Dmitri Schostakowitsch (1906-1975) – Alle Sinfonien, Konzerte, Lady Macbeth
Tanglewood Festival Chorus; New England Conservatory Symphonic Choir; Boston Symphony Orchestra; Andris Nelsons, Dirigent
Deutsche Grammophon, DG 486 6649
von Brian Cooper
Pünktlich zum Schostakowitsch-Jahr – am 9. August jährt sich zum 50. Mal sein Todestag – vollendet Mariss Jansons’ lettischer Landsmann und Privatschüler Andris Nelsons seinen Zyklus mit dem Boston Symphony Orchestra, der 19 CDs umfasst. Wer sich jahrelang mit Schostakowitsch befasst hat, vielleicht jahrzehntelang, oder aber wer ganz frisch von der Musik des DSCH berührt werden will, dürfte hier für etwa 70 Euro einen Schnapper landen, von dem er oder sie ein Leben lang etwas hat. Seit Ende März ist dieser Schatz auf dem Markt.
Der inzwischen verstorbene Musikwissenschaftler Tony Duggan hat sich in einem langen und lesenswerten Text mit Aufnahmen der Sinfonien Gustav Mahlers befasst. Zwei Schlüsse, zu denen er kommt, sind diese:
1. Gesamtaufnahmen sind insofern problematisch, als einzelne Sinfonien oft schwächer ausfallen können als Einzelaufnahmen anderer Dirigenten.
2. Er hat eine eindeutige Präferenz für Live-Aufnahmen.
Letzteres Kriterium ist hier in Gänze erfüllt; die Aufnahmen sind samt und sonders Livemitschnitte. Was hingegen die „Problematik“ eines box set betrifft, kommt Schostakowitsch insgesamt in den Zyklen von Valery Gergiev, dessen Mariinsky-Zyklus in der Pariser Salle Pleyel unvergessen bleibt, Bernard Haitink, Mariss Jansons, Kirill Kondraschin, Vasily Petrenko und Gennadi Roschdestwenski, den ich noch mit der Achten in Paris erleben durfte, mehr als gut weg; es gibt da sehr viel Hochkarätiges. Auch in Köln entstanden weiland unter Barshai (WDRSO) und Kitajenko (Gürzenich) hervorragende Gesamteinspielungen der Sinfonien. Daneben gibt es eine inzwischen unüberschaubare Fülle guter Einzelaufnahmen, etwa von Bernstein und Mrawinski.
Für Menschen, die gerade beginnen, die Musik des DSCH zu entdecken, bietet die hier vorliegende Nelsons-Box den Vorzug, dass sie nicht nur alle Sinfonien enthält, sondern auch die sechs Solokonzerte und die wichtigste Oper Lady Macbeth von Mzensk, nebst einer CD 13 mit weiteren Orchesterwerken, unter denen sich auch Barshais kraftvolles Arrangement des Achten Streichquartetts befindet, die Kammersinfonie op. 110a. Ganz nebenbei stößt die Festliche Ouvertüre op. 96 fast meine Lieblingsaufnahme des Werks mit Mikhail Pletnevs Russian National Orchestra vom Thron.
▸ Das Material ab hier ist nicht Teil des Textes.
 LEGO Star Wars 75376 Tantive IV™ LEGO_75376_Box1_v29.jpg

Beim Hören kann man chronologisch vorgehen. Vielleicht hilft aber auch eine – freilich sehr persönliche – Klassifizierung der Sinfonien in folgende Kategorien:
1. Die Eingängigen: der Geniestreich der 1., dann die 5., die 6., in weiten Teilen die 7., die 9. und schließlich definitiv die 10., deren quirliges Finale mit dem DSCH-Motiv wahre Freude bereitet, und mit der ich anfangen würde.
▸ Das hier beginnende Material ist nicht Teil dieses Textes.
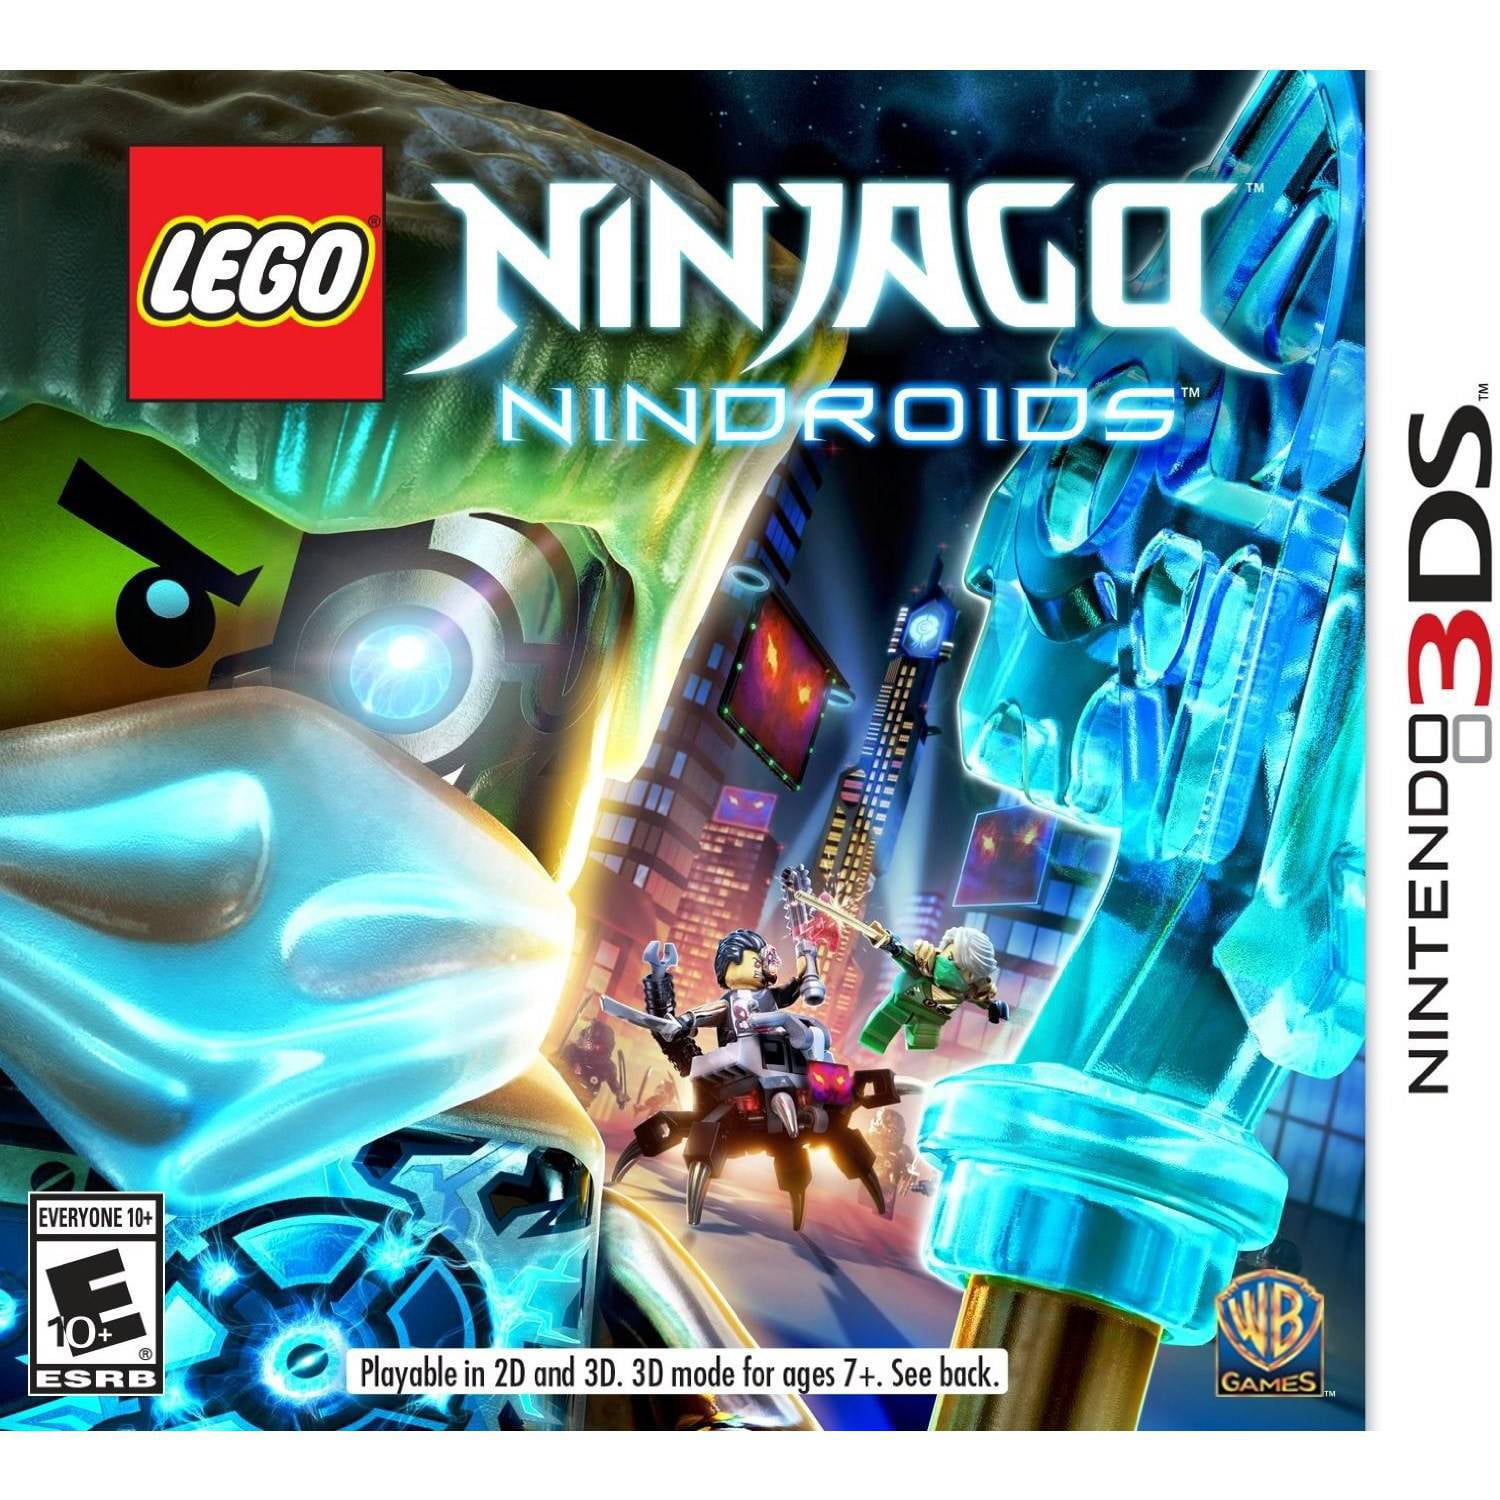 LEGO Ninjago Nindroids, Warner Bros, Nintendo 3DS, 883929418879 Walmart.com

2. Die Sperrigen: 4, 8 und 11, alle in Moll. DSCH für Fortgeschrittene.
3. Die Schwachen: 2, 3 und 12, wobei sich letztere in dieser Einspielung als überraschend hörenswert und besser als ihr Ruf erweist und der grummelnde Beginn der Zweiten sowie der Choreinsatz in der Dritten Gänsehaut erzeugen.
4. Die letzten drei, Nr. 13-15, liegen irgendwo dazwischen. Die 13. etwa kann man durchaus auch zu den Sperrigen zählen. Mit ihrer klaren Haltung gegen jegliche Unmenschlichkeit und Barbarei kann Babi Jar live besonders aufwühlend sein, wie vor einigen Jahren mit Yannick Nézet-Séguin in Dortmund. Unter Nelsons singt Matthias Goerne die Solopartie.
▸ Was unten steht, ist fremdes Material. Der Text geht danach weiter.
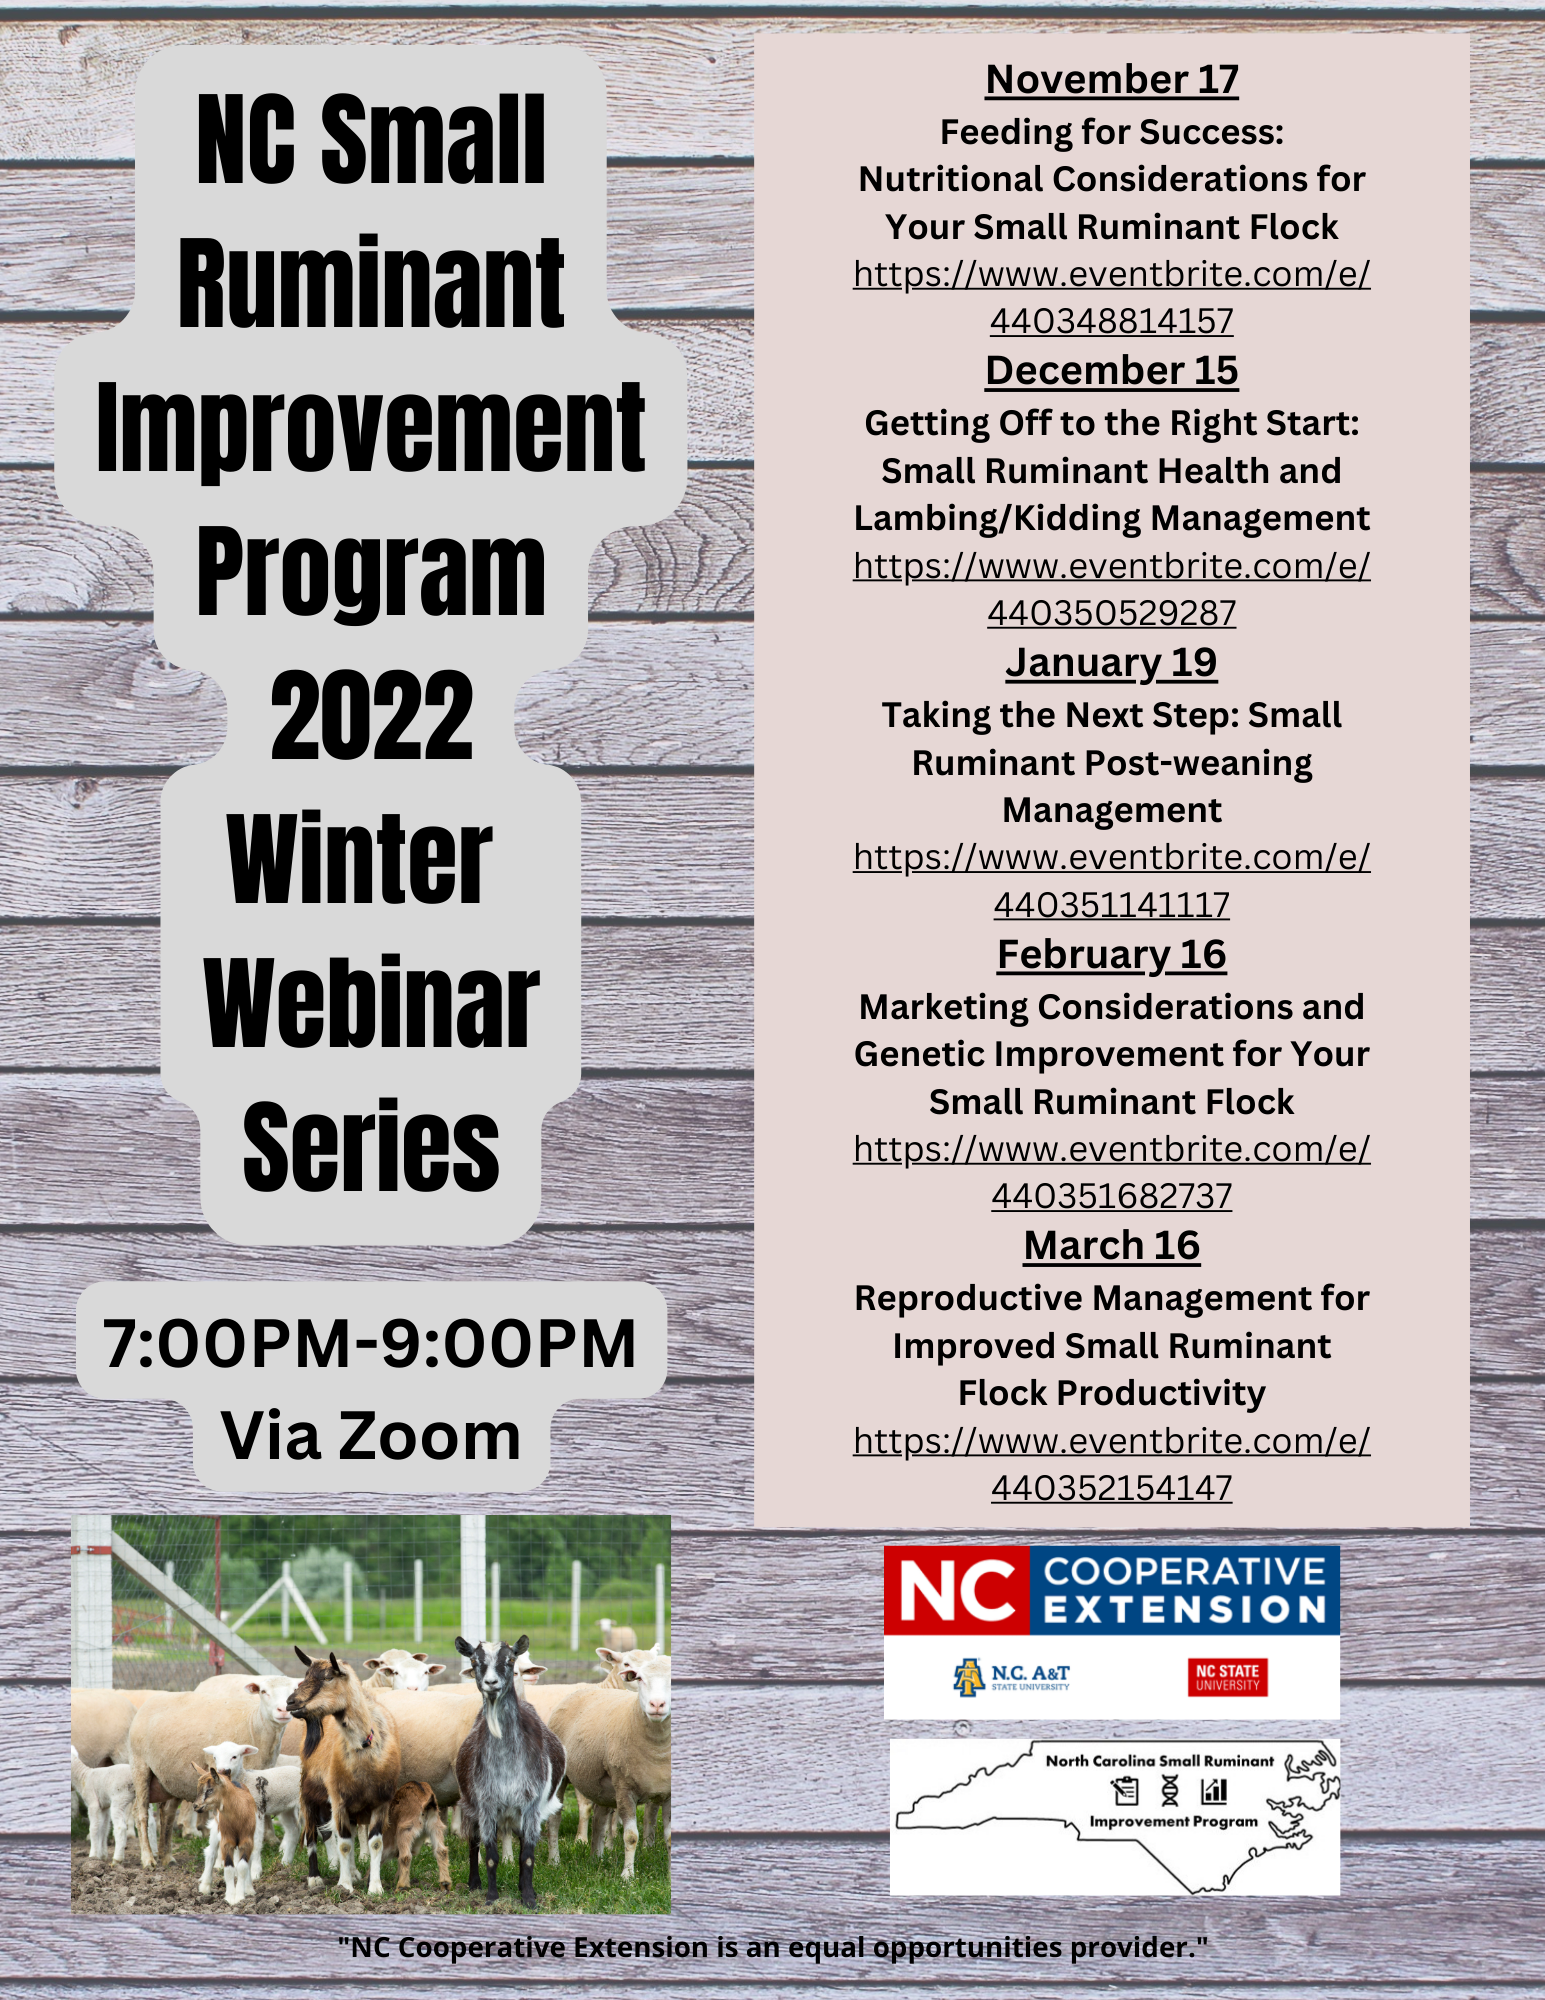 NC Small Ruminant Improvement Program 2022. Winter Webinar Series.

Schostakowitschs Musik kann man selbstverständlich ohne biographische Vorkenntnisse hören, aber gerade dieses bewegte Leben ist so interessant, dass es sich damit zu befassen lohnt. Stellvertretend sei hier nur der polnische Komponist Krzysztof Meyer genannt, dessen 1995 bei Lübbe erschienene Biographie alles enthält, was man wissen sollte.
Denn gerade mit ein paar Details zum Leben des Dmitri Dmitrijewitsch erschließt sich einem der bittere Humor, der bisweilen beißende Sarkasmus des Mannes, umso stärker. Der vermeintliche Jubel am Ende der Fünften, hier triumphal interpretiert, ist lediglich vordergründig; der erste Satz der Neunten entsprach so ganz und gar nicht den Erwartungen des Stalin-Regimes, das sich nach einer monumentalen Achten mit einem kurzen Verspotten von Sinfonie konfrontiert sah; der letzte Satz der Sechsten und die Wilhelm Tell-Zitate in der 15. zeugen vom hellwachen Esprit eines Mannes, der angeblich aus Angst, von Stalins Schergen abgeholt zu werden, stets einen gepackten Koffer unterm Bett gehabt haben soll. Das brutal-dissonante dreifache Klopfen in der Kammersinfonie sagt alles.
Freilich gelingt nicht alles bei Nelsons vorzüglich, was Tony Duggans These stützt. Bisweilen fehlen mir dann doch die Intensität und der Schmerz, der diese Musik eigentlich so ergreifend macht. Beispielhaft sei hier die legendäre Einmarschszene im ersten Satz der Leningrader Sinfonie, der Siebten, genannt. Da geht bei Haitink, Jansons und Bernstein viel mehr die Post ab. Bei Nelsons wird durchgerast, dass es mehr wie eine Flucht denn wie ein Einmarsch daherkommt.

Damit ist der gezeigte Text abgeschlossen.